その、「マーノ・ネーラ」の中核を担う人物たちの存在見えはじめるのは1903年、マンハッタン地区で樽詰めの死体が見つかった事件からでした。実際は捜査を撹乱するためか、アイルランド系ギャングが使う、かなり陰惨なテクニックでの殺害でしたが、ここではその内容には触れずにおきます。

なお、1973年に封切りとなった映画ラ・マーノ・ネーラ」はフィクションではあっても、このシーンから強烈にはじまり、他のドキュメンタリーやTV番組も、たいていこの事件をメインに据え、その背後を探る構成となっています。

余談ですが、「ラ・マーノ・ネーラ」は、意図せず犯罪組織に巻き込まれる、ナイーブなシチリアの青年を巡る悲劇で、主演である若き日のミケーレ・プラチドが、その青年を好演して見応えがありました。
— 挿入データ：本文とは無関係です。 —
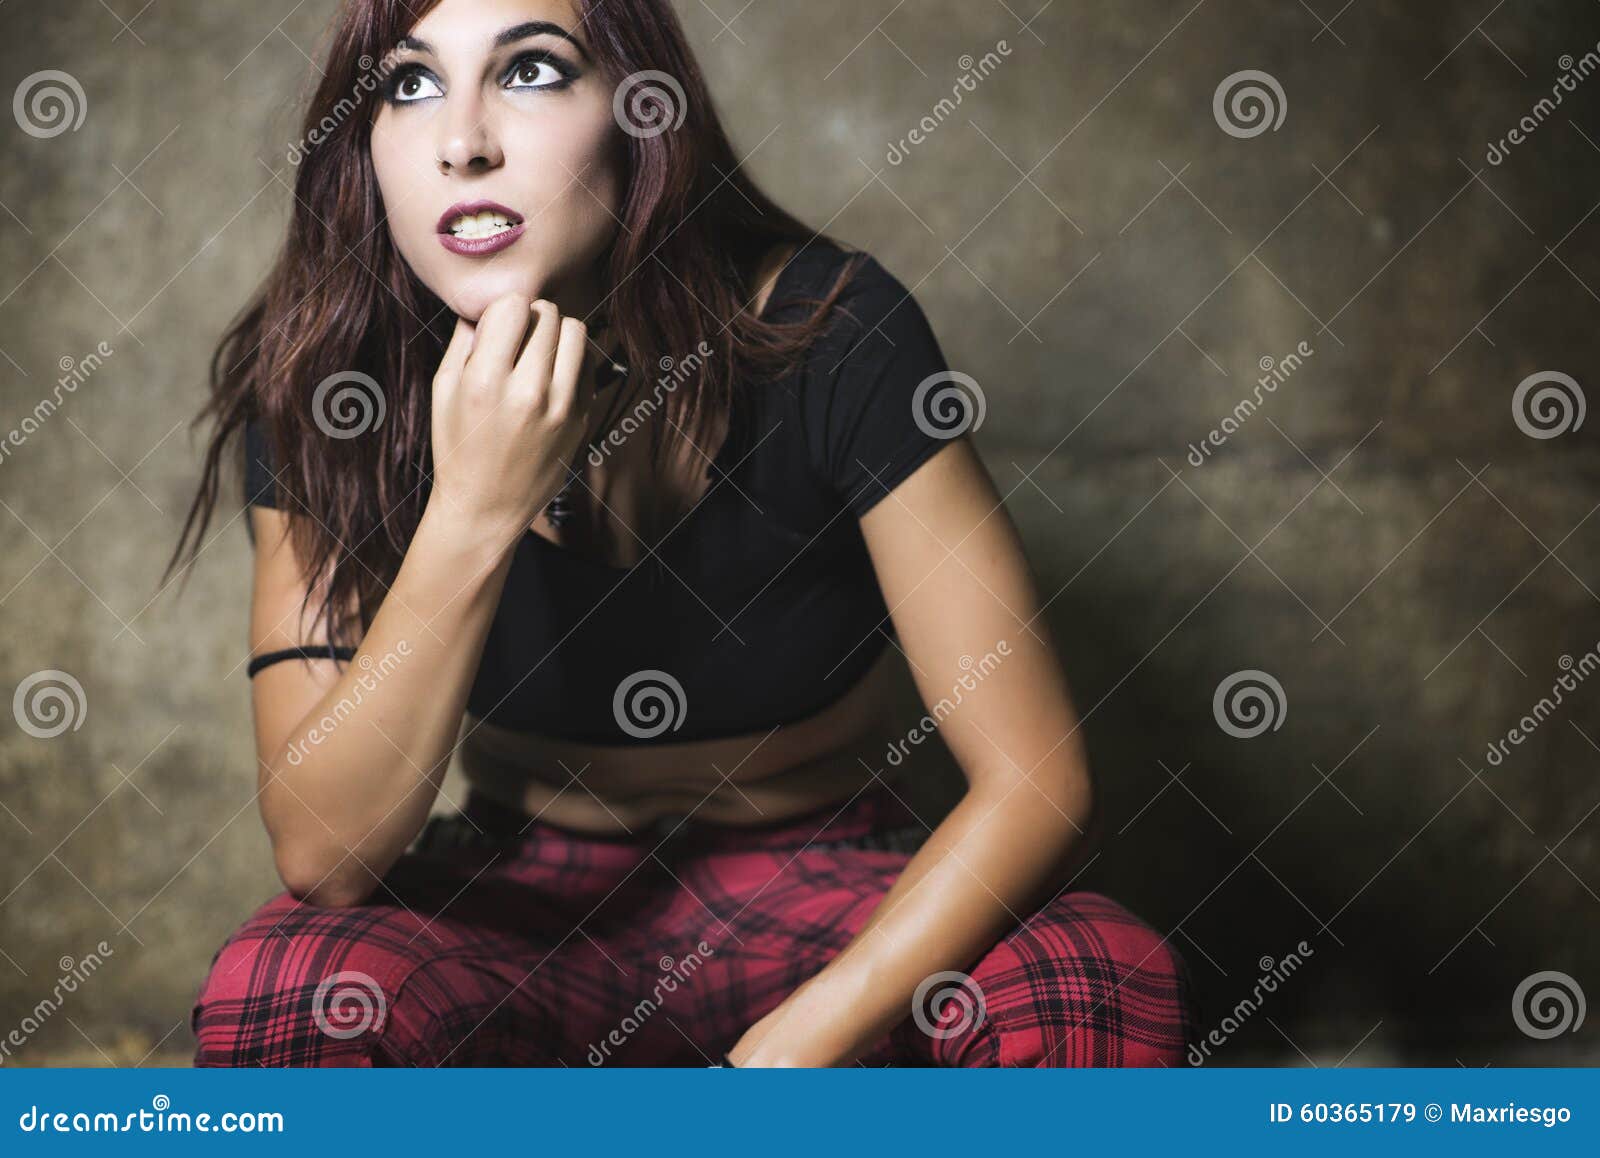 Gothic And Emo Girl Look Stock Image Image Of Background

同時代に制作されたハリウッドのマフィア映画、たとえば「Once upon a time in America」や「ゴッドファーザー」とは比較できないほど素朴な筋書きではあっても、「マーノ・ネーラ」と米国、およびシチリアの政治との癒着が明確に描かれているのは特筆に価します。
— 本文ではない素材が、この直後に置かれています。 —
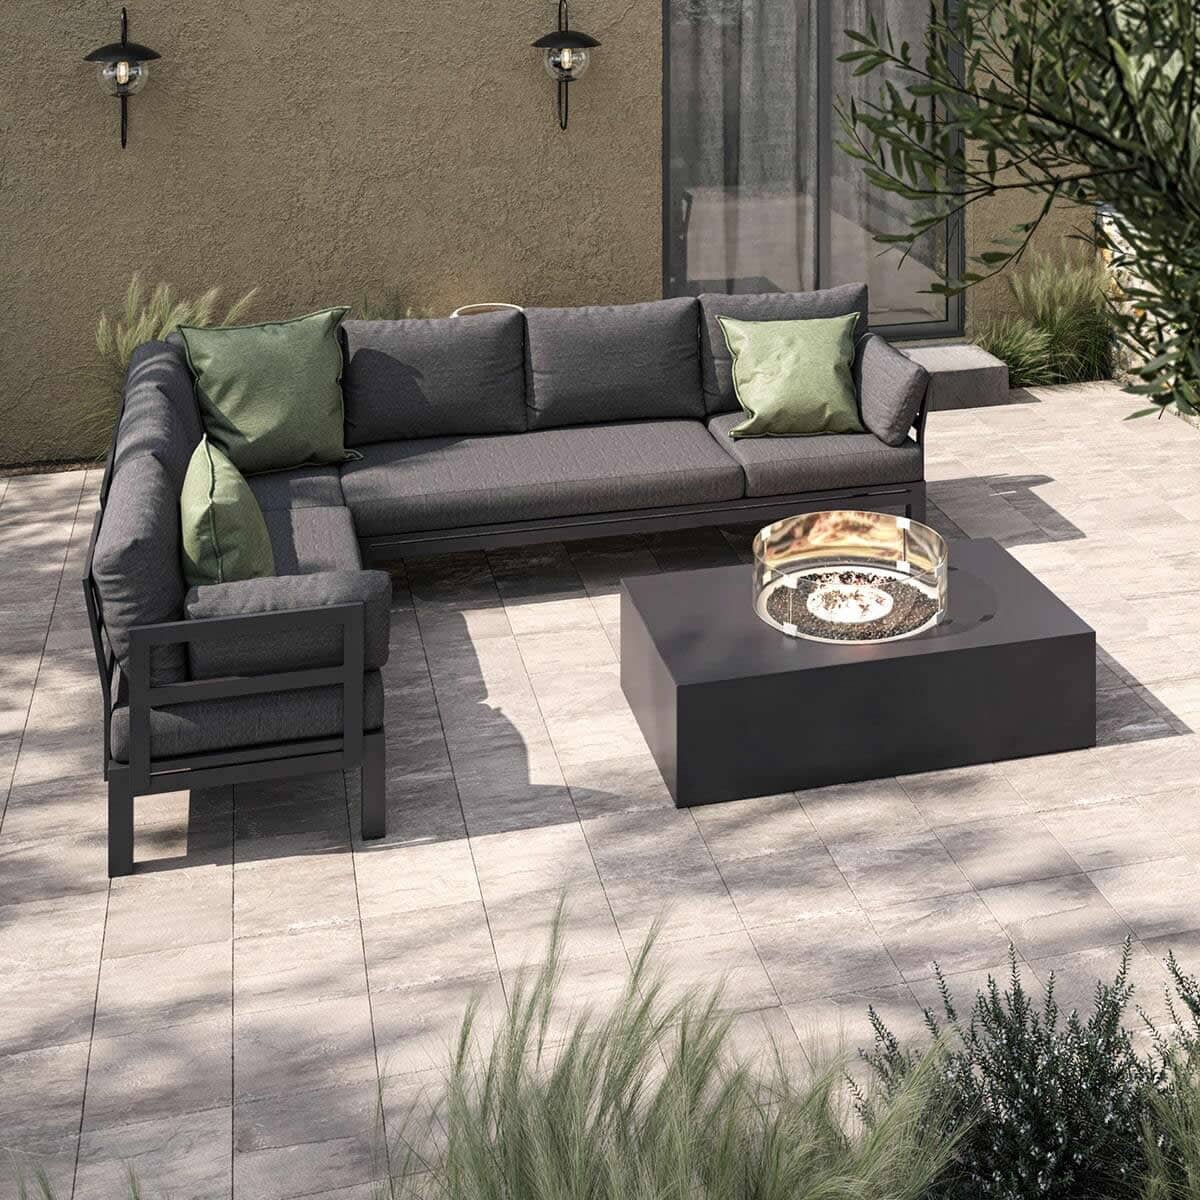 Maze Oslo Large Corner Group with Square Gas Fire Pit Table Charcoal

ともあれ、この「樽詰め殺人事件」の犯人たちを、ニューヨーク市警察初イタリア系アメリカ人の警察官ジュゼフ(ジョー)・ペトロシーノ逮捕することになるわけですが、このペトロシーノは米国、またイタリアにおいても、現在に至るまで英雄として名が残る、イタリア系移民としてはじめて刑事にまで昇進を果たした人物です。当時、イタリア系移民を忌み嫌っていた米国社会も、ペトロシーノにだけは絶大なる好意を示しています。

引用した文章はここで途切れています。